Шрифт:
Интервал:
Закладка:
– Не смеши, – презрительно скалюсь. – Твой брат женился спустя несколько месяцев…
– А ты? Ты не женился спустя несколько месяцев? Так переживал, что я покончила с собой, что сделал Яне предложение?..
Ох*еть. И вот ее я считал блаженной?
На лопатки. Без всяких усилий.
Отшатываюсь. Прохожусь ладоням ото лба по всей шевелюре, потерянно треплю волосы.
– Знаешь, чем мой брат отличается от тебя? Твоя сестра его любила и была с ним добровольно, причем, инициатива исходила именно от нее. Я не умаляю участия Размика. Констатирую факты. Он сходил с ума от того, как закончилась жизнь этой светлой девочки. Пьянствовал, убивался. И женился только из-за настояния отца, желающего вывести сына из этого состояния. Допустим, ты не стал вникать в суть, похитил и изнасиловал меня из мести. Дальше я забеременела. И здесь история повторяется. Согласись, я тоже могла пойти на аборт. Когда покинула тот домик, я не знала, что жду ребенка! Меня хотели заставить избавиться от него. Но вместо этого я сбежала. От тебя. От папы. И Соня…могла. Вот что меня снедает! – кажется, Алина уже кричала. – Мы подошли к самому интересному – к выбору. У каждого из нас была своя роль и сделанный выбор.

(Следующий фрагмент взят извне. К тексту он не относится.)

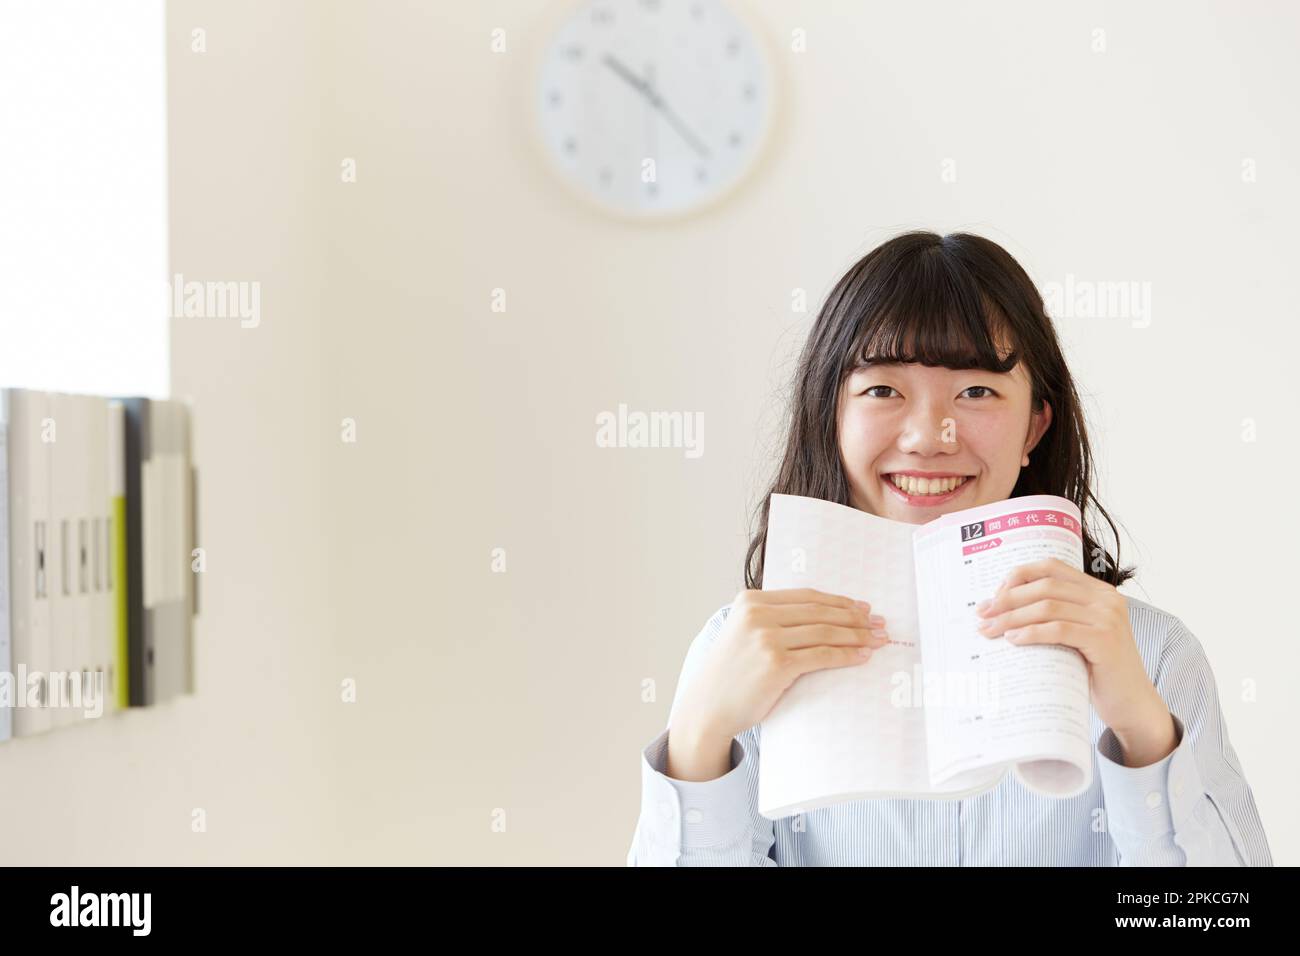 Ein Highschool-Mädchen, das ein Nachschlagewerk hält, mit beiden Händen und lächelnd Stockfoto
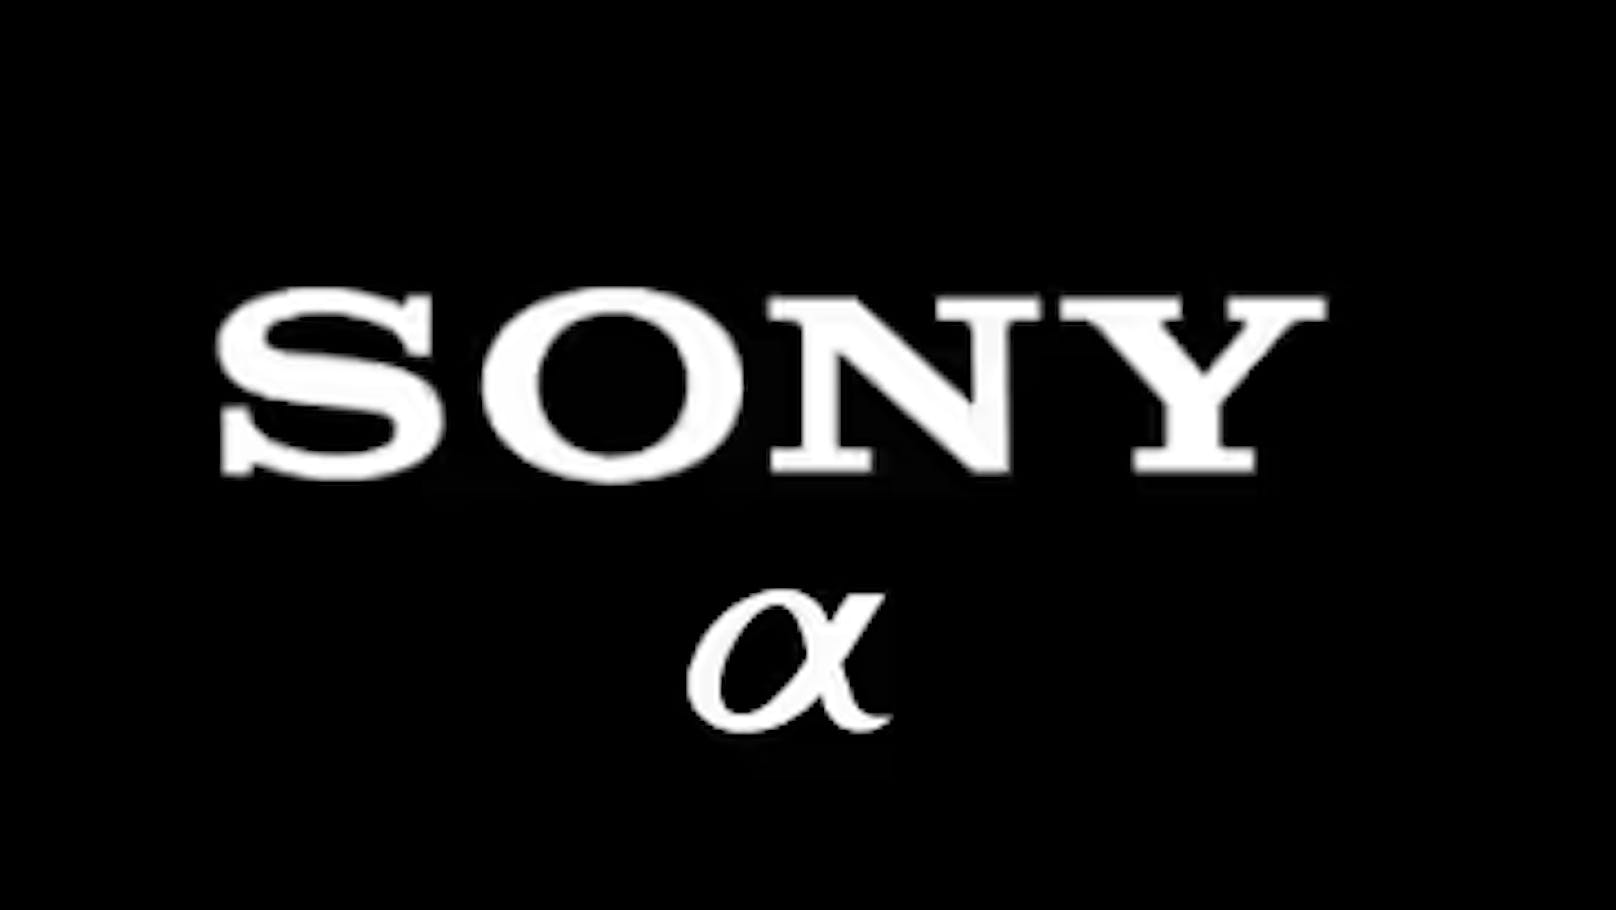 Sony liefert lang erwartete Firmware-Updates einschließlich C2PA-Konformität und Gewährleistung der Echtheit von Bildern.

– Соня была ещё малышкой, она испугалась, – выскальзывает изо рта глухо, пока таращусь на плачущую Алину.
Она уже и плачет?
– А я не испугалась? – вскакивает и подлетает, тыча указательным пальцем в меня. – Ты соображаешь, каково это – ждать ребенка от насильника? А не от любимого мужчины, как она?! Тем более что о беременности Сони мой брат даже представления не имел. А ты хотел меня…нас…убить. Так ненавидишь Размика? Считаешь, сам чем-то лучше него?! Столько лет ходишь, записав его в убийцы, и не ищешь правды? Почему? Так легче? Твоя сестра не может быть ни в чем виноватой? Не хочется верить в такой расклад? Потому что она твоя кровь? А как же стечение обстоятельств? Как же справедливость? Повторяю: почему ты не искал правды, скажи? Почему ни разу за те три недели моего заточения и сейчас, за прошедший год не спросил меня, что и как было? Зачем столько времени вынашивать план мести и…губить себя в первую очередь? Ответь же! Как ты смел…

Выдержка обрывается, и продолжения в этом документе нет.